The principle at issue is extremely simple: Do artists (a catch all term to include musicians, writers, product designers, software developers) have the right to expect to make a living from their ideas?

Spotify has responded to the critics, of course. "We’re 100 per cent committed to making Spotify the most artist-friendly music service possible and are constantly talking to artists and managers about how Spotify can help build their careers.”

Perhaps they will find a way to achieve this. Surely the arts have value within a technology culture?

iTunes Radio: more of the same?

Purists may bleat the beat that "data should be free," but as every element of our growing cultural inheritance becomes data the value in its creation is being rapidly eroded. Artists flip burgers while musicians give up and take up accountancy. They need to find a way to make a living.

Even while the value of being creative is reduced, big corporations such as Google get to grow fat on their slice of the ads income placed beside other people's cultural contribution. Opportunities for artistic development are also impacted as cash strapped governments are forced to slash arts funding in this new age of austerity.

Does anyone else find it amazing that even as the number of music downloads and the quantity of music streamed continues to increase, the income of all but the largest of acts continues to decline? This creates fewer than ever sustainable and/or accessible paths within which new acts can explore their ideas, leaving our fresh cultural explorations trapped within X Factor and heavily marketed temporary "megastars" while the bleeding edge of innovation become dispirited, give up, and take jobs in accountancy.

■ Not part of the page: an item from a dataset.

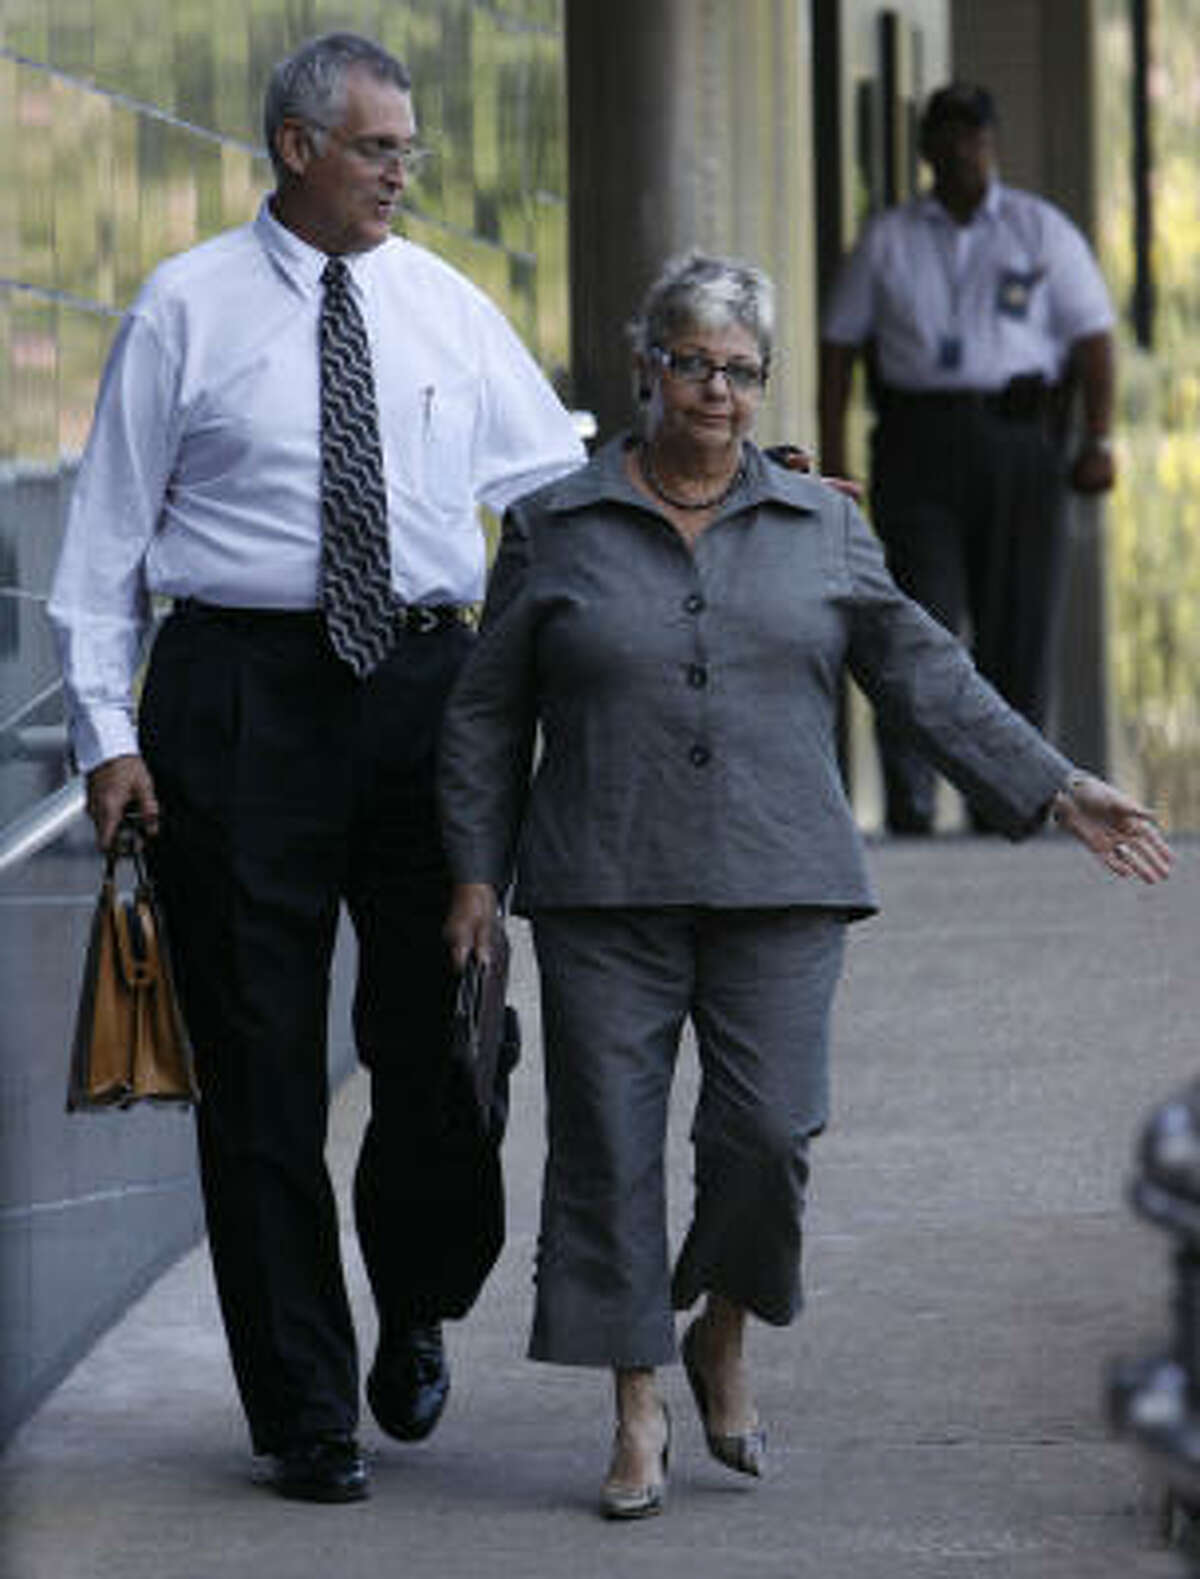 U.S. District Judge Samuel Kent walks out of the Bob Casey Federal Courthouse with his wife, Sarah, on Sept. 3. Kent is scheduled to be arraigned on the new charges Wednesday morning. His trial on the first sexual charges is set for Jan. 26 before U.S. Senior Judge Roger Vinson, of Florida, who is overseeing the case.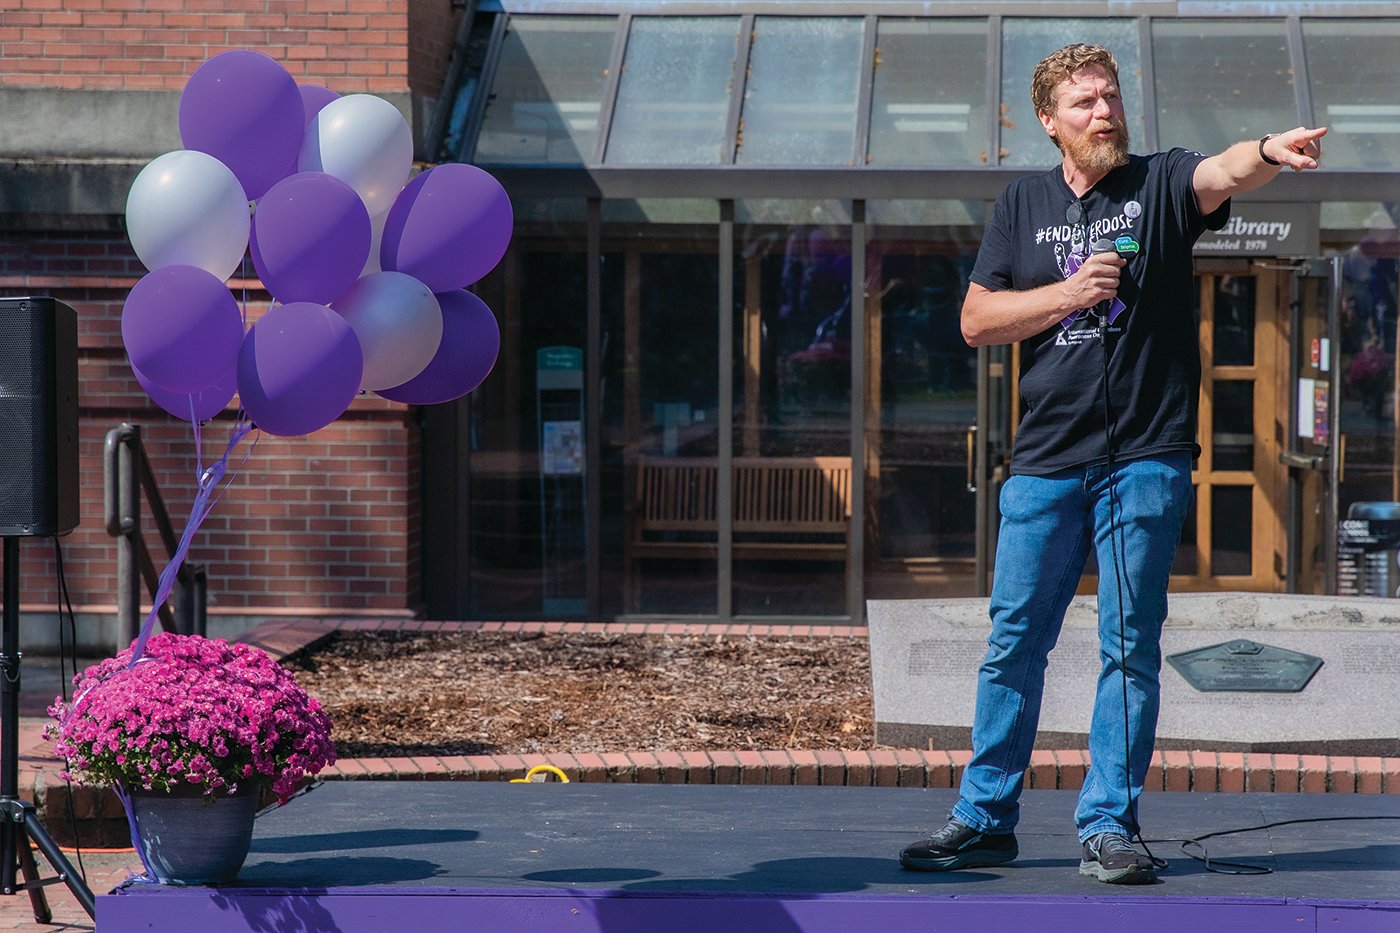 Gather Church Pastor Cole Meckle points and names resource groups in attendance at George Washington Park in Centralia during an overdose awareness event on Wednesday.

The notion that making all the information in the world freely available would enhance human creativity was incredibly tempting in its time. That time is gone. The only people making sustainable business in this new era of access appear to be the big copyright holders and technology firms. Which is fine if you happen to be a copyright holder or technology firm, but not so awesome for anyone else.

There's a gaping hole; a gigantic San Andreas fault within our Google-driven information age -- the lack of accessible routes for new artistic talent to reach global audiences. Sure, there's the search engine, but its logarithms inherently focus on mass-market results, rather than niche needs.

We don't know what Apple's iTunes Radio's deal to new acts will be. I have read that the largest sets of profits from the service will be coughed to corporations rather than sent to indie labels and independent acts. It will likely mean more of the same.

What price convenience?

What I dread is that in exchange for convenience we will see continued erosion in the opportunity within which new acts may emerge.

It goes far beyond music, of course: books, photographs, software and product designs are also more accessible than before. Amazon's recent victory in gaining the right to set prices for eBooks is itself symptomatic of this continued malaise. Samsung's lack of respect for Apple's original ideas is yet another symptom of this lack of regard to originality in creative design.

Is it perhaps time the chatter turned away from the notion that data should be free, and turned towards a discussion as to just how much value we as technologists place in the cultural content that drives our software, services and device sales? I believe creatives should also question the relevance of those firm's that seem to take the lion's share of what money does get distributed in their direction from within the Internet economy.